How to Cleanup Database by Removing Old Plugin Tables

One way to speedup a WordPress site is by optimizing its database. This is very much essential as over time we install many plugins on the site, and then deactivate or remove unused plugins when we don’t require it anymore. However, some plugins also create their own database tables and those tables are not deleted even after deleting the plugin. In this tutorial, you’ll learn how to easily cleanup database by removing old plugin tables.

Let’s first understand what happens when you install a new plugin and what happens when you delete it.

When you install a plugin, it will also create a new table and add it to your database. The settings and other data are stored in this table.

Now, when you delete the same plugin, it will remove the files but sometimes it won’t remove the database table that it had created. The reason for this is that plugin developer has not provided any function to remove the table.
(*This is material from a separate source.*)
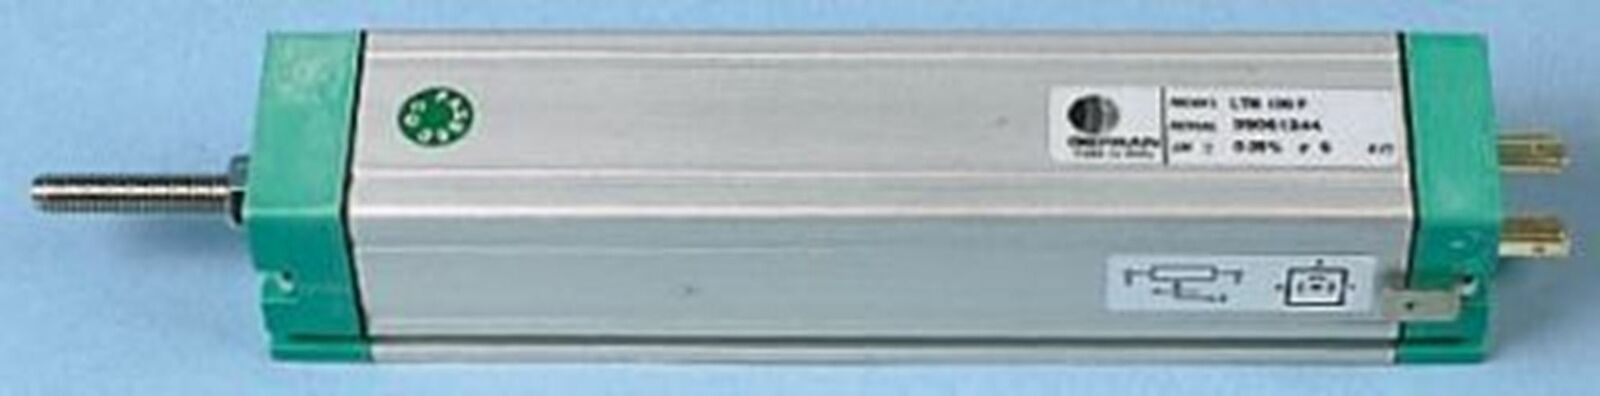 Gefran Geradelinig Umwandler 175mm Strich 60 V IP60
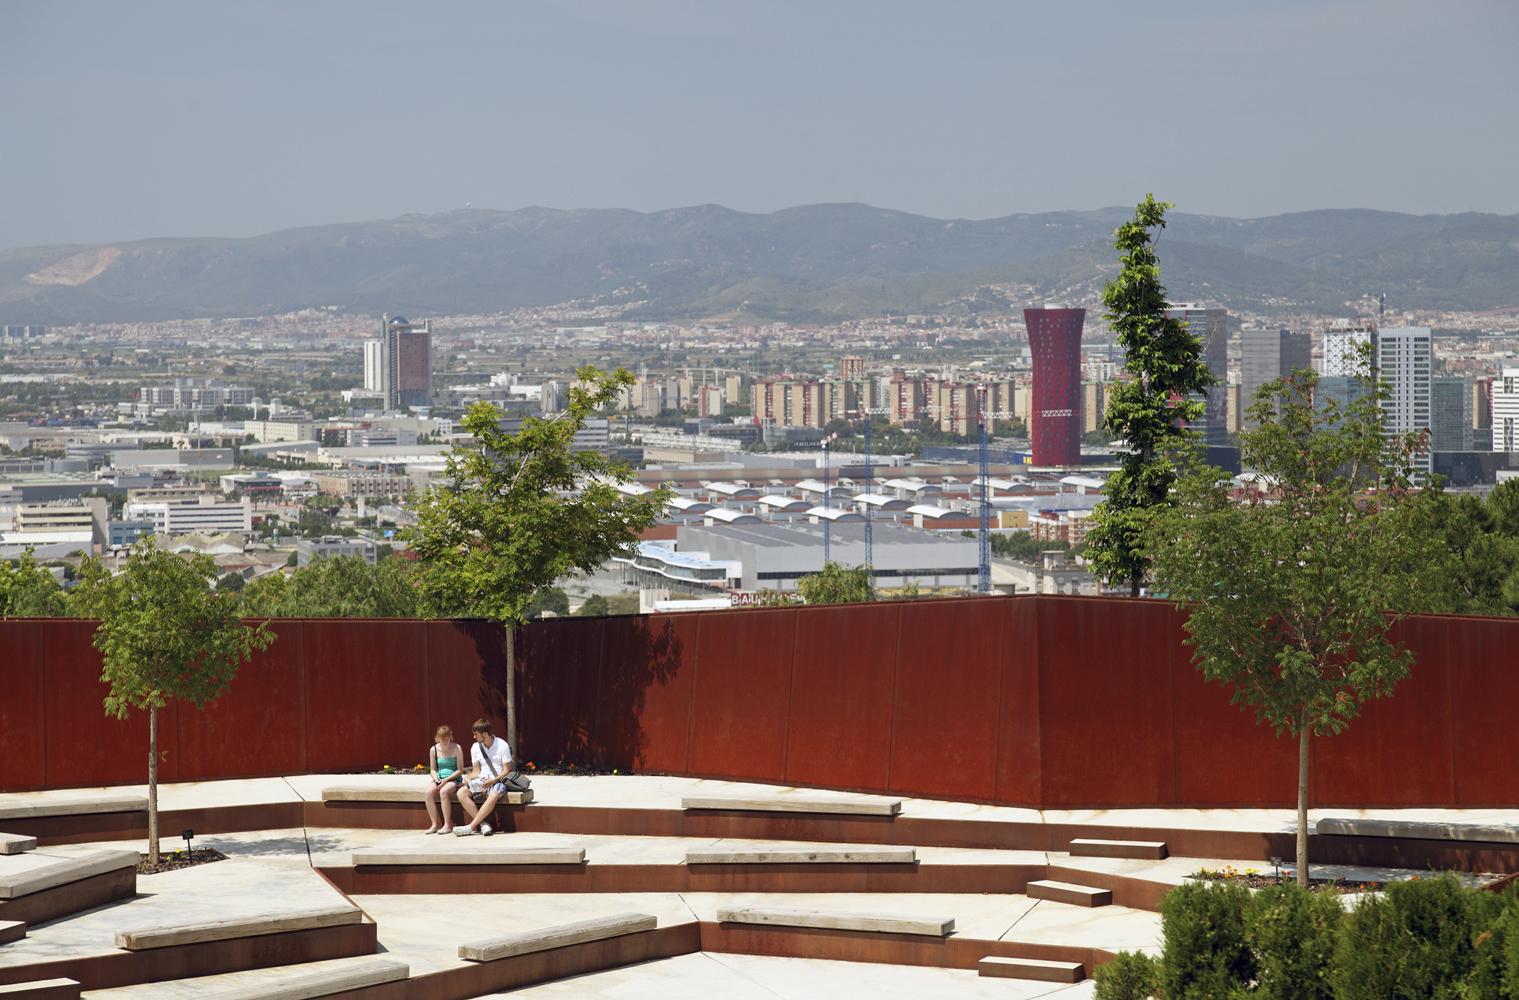 Jard n bot nico de barcelona marcela grassi - Jardines de barcelona ...

Note that not ever every plugin creates database tables, and also a few plugins have the option to delete tables when they’re removed from the site.

So now the question is how to remove this unwanted database table that’s left even after you’ve deleted the plugin? Let’s take a look at two different methods to remove this unwanted database table.

Important Note: Before proceeding forward, I would highly recommend you take a full backup of WordPress database table, so that just in case something goes wrong, you can restore the database.

How to remove database table of deleted WordPress plugins:

Step 1:
Install and activate Plugins Garbage Collector plugin on your site.

Step 2:
Once it’s activated, go to Tools > Plugins Garbage Collection.

On this page, by default the option for “Search non-WP tables” is selected, and you’ll need to go ahead and click on Scan Database button. This will start the search for such plugins and it might take a few minutes depending on your site.

optimize wordpress database

Step 3:
Once the search is complete, you’ll get a list of non-WordPress tables belonging to plugins that you have deactivated or deleted.

plugin garbage collector

However, it’s still not very clear on which table belongs to which plugin so you’ll need to guess the name of the plugin. For example, in the above screenshot, you can see a table “wp_prli_groups”, and you can Google this to know which plugin this table belongs to.

If you’re no longer using this plugin, and don’t intend to use it in future then you can select this table, and click on the “Delete Tables” button. Even if you don’t find the name of the plugin, rest assured this is a non-WordPress table and normally it should be safe to remove it.

Please note that this will delete the table, along with its settings. This means that the next time you install the same plugin, you’ll need to manually configure it again.

For example: Let’s say you’ve previously installed and used Gocodes plugin, and this scan has found some tables related to Gocodes plugin. When you remove the table using this method, it will also delete the data / settings associated with Gocodes plugin.

You’ll be able to remove the table only when you’ve deactivated and deleted the plugin on your site.

Manual Method

If you don’t want to use any plugin for this purpose, then here’s how you can cleanup your database by removing old plugin garbage manually. Please note that this method is only for those who have used phpMyAdmin and are familiar with it.

Also I would recommend you to do a complete database table backup before proceeding forward.

Once you’ve completed a database backup, go to phpMyAdmin from cPanel.

Select your WordPress table from the left side, which will expand it.

Now click on the plugins table name, which will open its options. From here, click on Operations tab.

From this page, click on “Drop the table (DROP)”. You’ll be prompted for a confirmation, click on OK to confirm.

So that’s how you can cleanup database table, and remove the left over table of old deleted plugins.